Nicholas and his friend, Ashley Fargo, were arrested last August in a Las Vegas hotel room where police found nearly 96 grams of methamphetamine, 4.24 grams of heroin, 15.13 grams of cocaine, and 17.1 grams of psilocin, a psychedelic, according to the complaint.
“DA Wolfson will not be commenting on this case until the defendants actually enter their pleas in District Court,” Wolfson’s assistant, Audrie Locke, told the Current.
Nicholas and Fargo are expected to enter Alford pleas August 26 on a single count of possession of a controlled substance. An Alford plea is a guilty plea by a defendant who asserts his innocence but acknowledges evidence exists that would likely lead to conviction.
The case has been assigned to newly-appointed Clark County Judge Jacqueline Bluth, who was a chief deputy district attorney in Wolfson’s office until Gov. Steve Sisolak appointed her to the bench in March.
Nevada law gives judges the discretion to reject plea agreements.
“By no stretch of the imagination would anyone consider Dr. Nicholas or Ms. Fargo to be traffickers distributing drugs into the community,” their attorneys David Chesnoff and David Brown said in a statement. “This positive agreement allows them to help people grappling with addiction by providing substantial financial support to programs in Clark County for treatment and rehabilitation, which have been shown to be an effective tool for combating addiction.”
Rather than attend drug court, which requires intensive treatment and drug testing, the deal calls for Nicholas and Fargo to participate in two drug counseling sessions a month, perform 250 hours of community service during the course of a year, and pay $500,000 each to a yet undetermined drug treatment facility in Las Vegas.
Failure to comply will result in a finding of guilt on one count of possession, a probationary charge, meaning the two will avoid prison regardless of their compliance.
“They are paying their way out of jail,” said one courthouse insider who asked not to be named.
Nicholas is the founder and primary funder of Marsy’s Law, a victim rights ballot measure named for his sister, who was a murder victim. Nevada voters overwhelmingly passed Marsy’s Law last November.
Wolfson appeared in campaign ads supporting Marsy’s Law but says his support did not compromise his independence in the case against Nicholas because the ads were produced prior to Nicholas’ arrest.
R&R Partners served as the lobbyist for Marsy’s Law during the 2019 legislative session.
“We work with their government affairs people,” Billy Vassiliadis of R&R Partners told the Current. “We had no contact with him (Nicholas).”
Vassiliadis says Nicholas’ legal problems could be an albatross as advocates seek to pass the ballot measure nationwide.
“I suppose it could be made to look that way, but it’s not about one person. If it is, it’s about victims like Marsy,” Vassiliadis said.
Vassiliadis, a public relations guru, says it’s unlikely the public makes any connection between Nicholas and Marsy’s Law.
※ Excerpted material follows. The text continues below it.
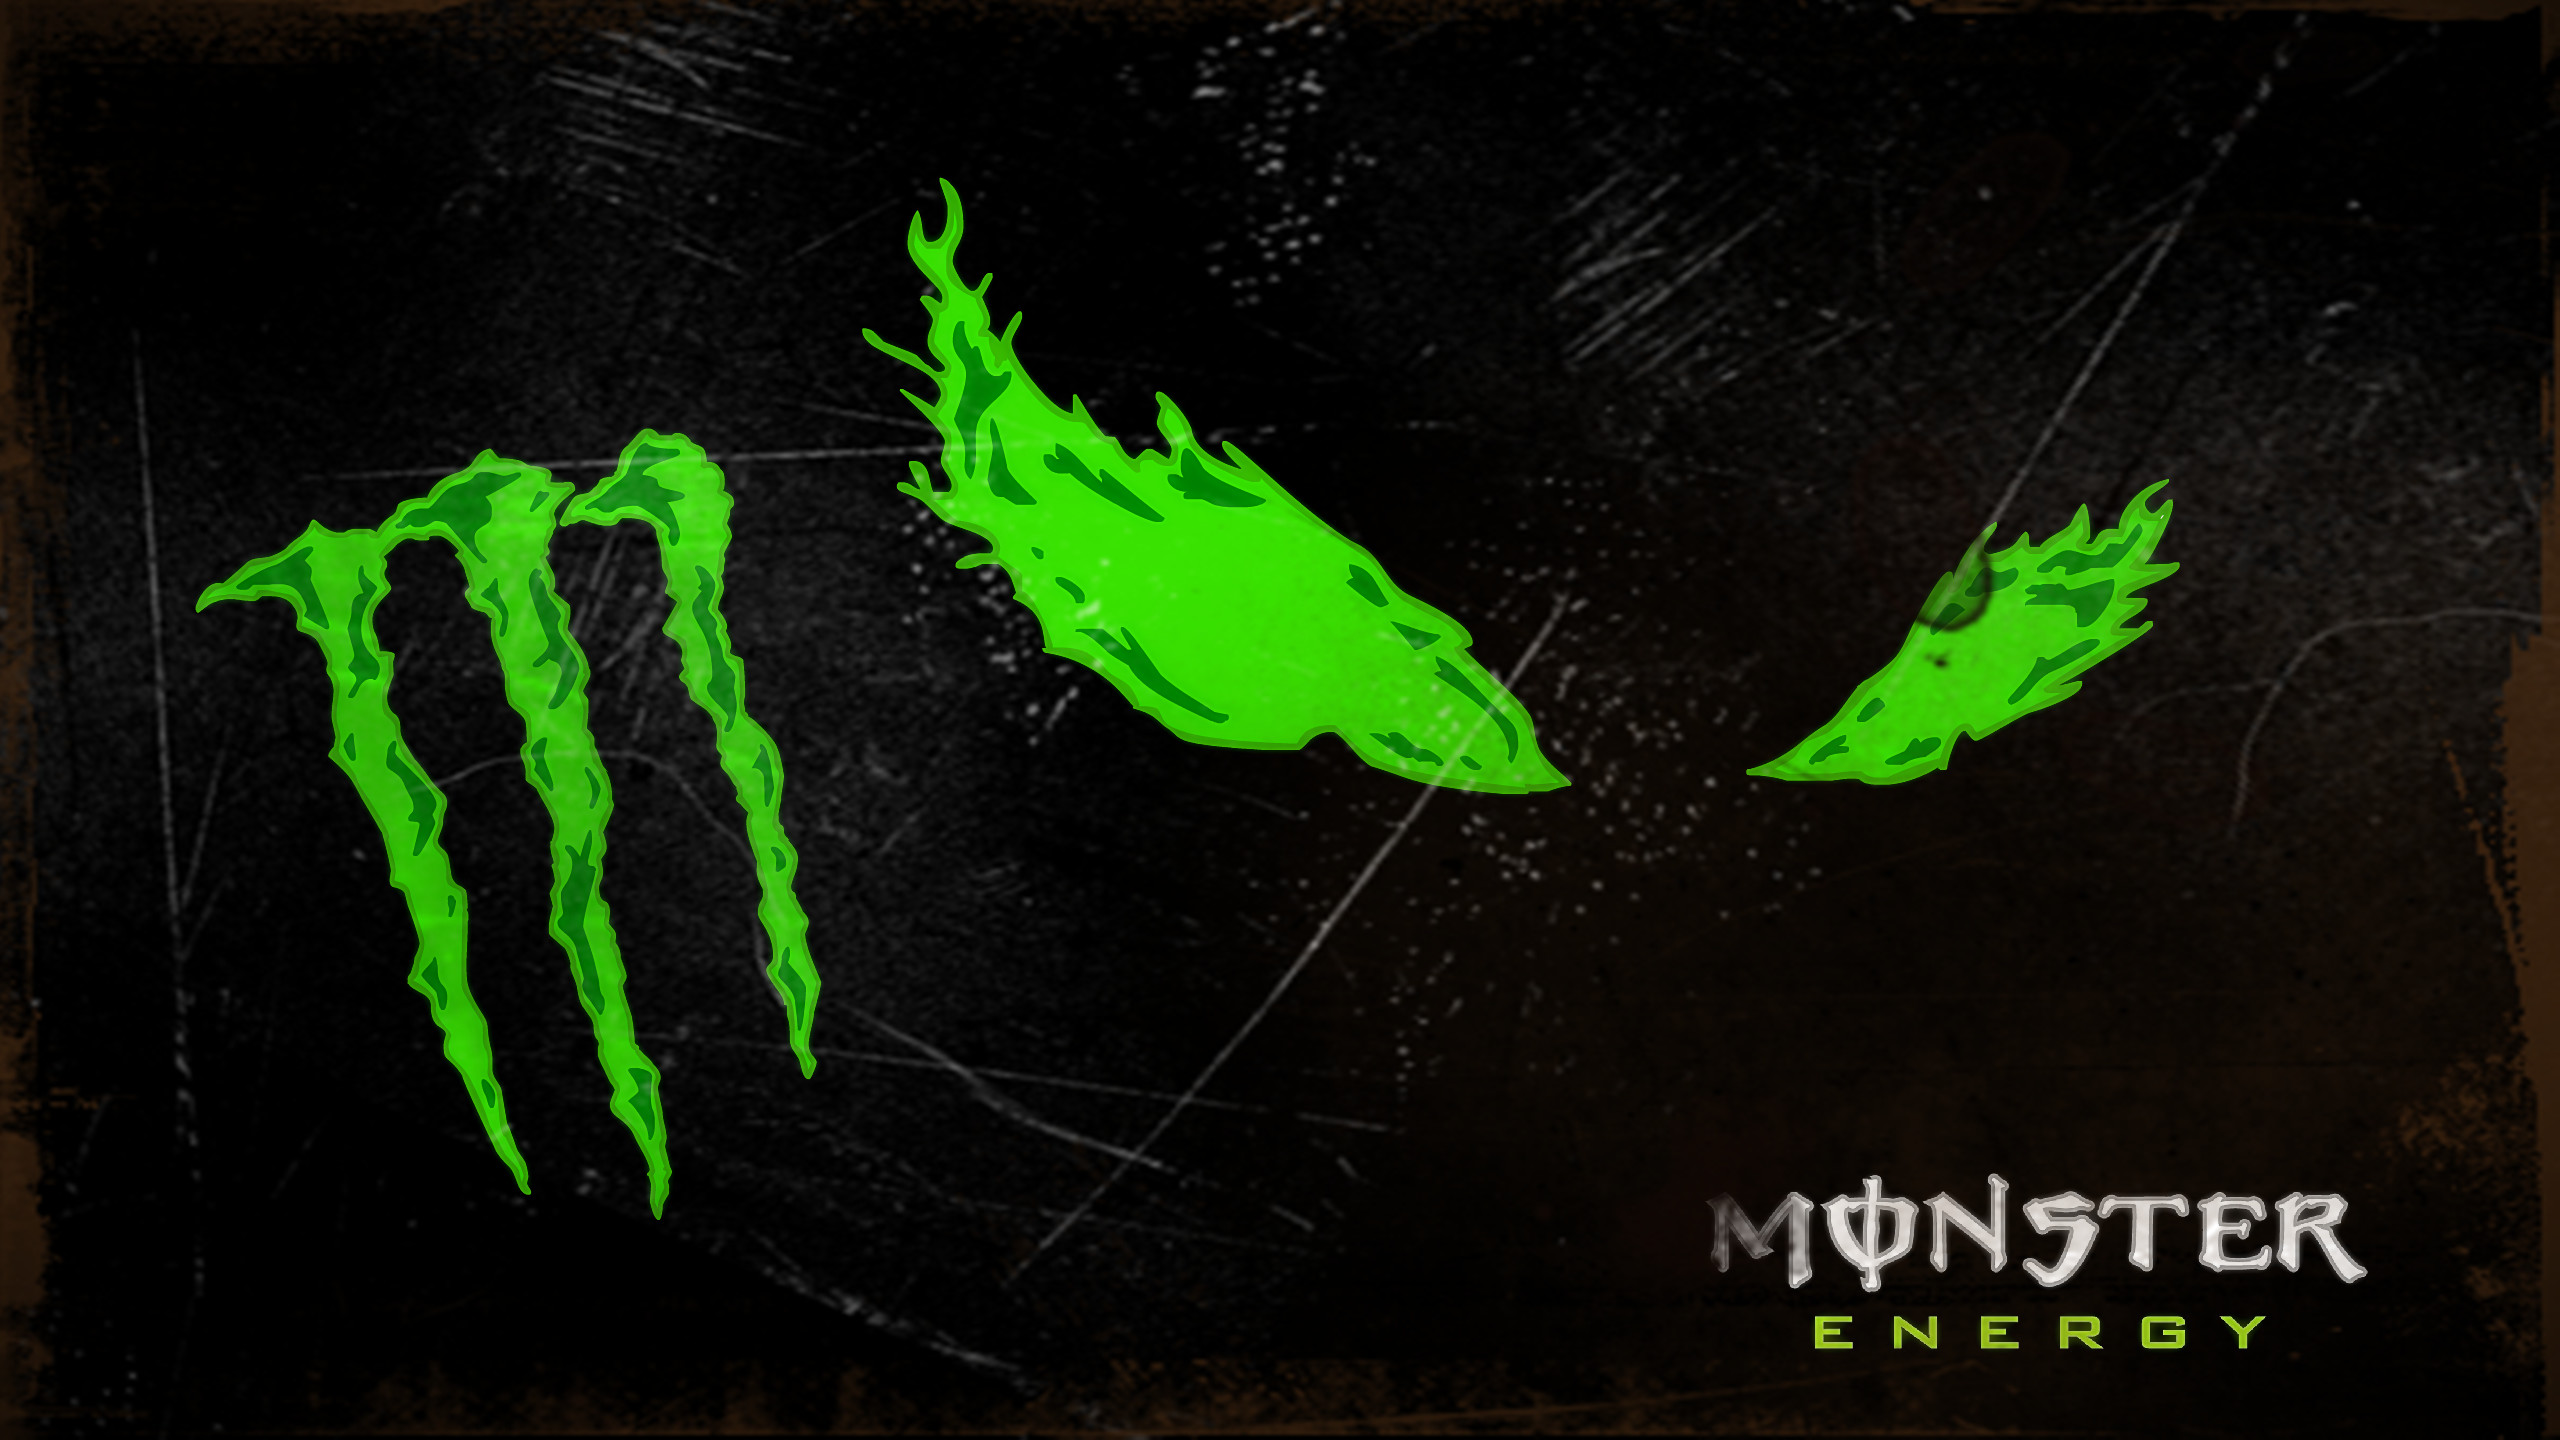 2560x1440 Incoming search terms: new monster wallpaper

“It’s not like Bloomberg used a gun,” Vassiliadis said, referring to former New York Mayor Michael Bloomberg, a gun control activist.
“What it shows is that we have two systems of justice in our state,” McCurdy told the Current on Thursday. “We have a system for those who have wealth and one for those who do not. As long as we have two tiers of the criminal justice system, people will never get fair and equal treatment under the law. If you look at the amount he was caught with that should be a trafficking case.”
The amount of drugs Nicholas and Fargo allegedly possessed constitutes a trafficking crime under an amendment supported by the Nevada District Attorneys Association to a criminal justice reform measure passed by the Legislature this year.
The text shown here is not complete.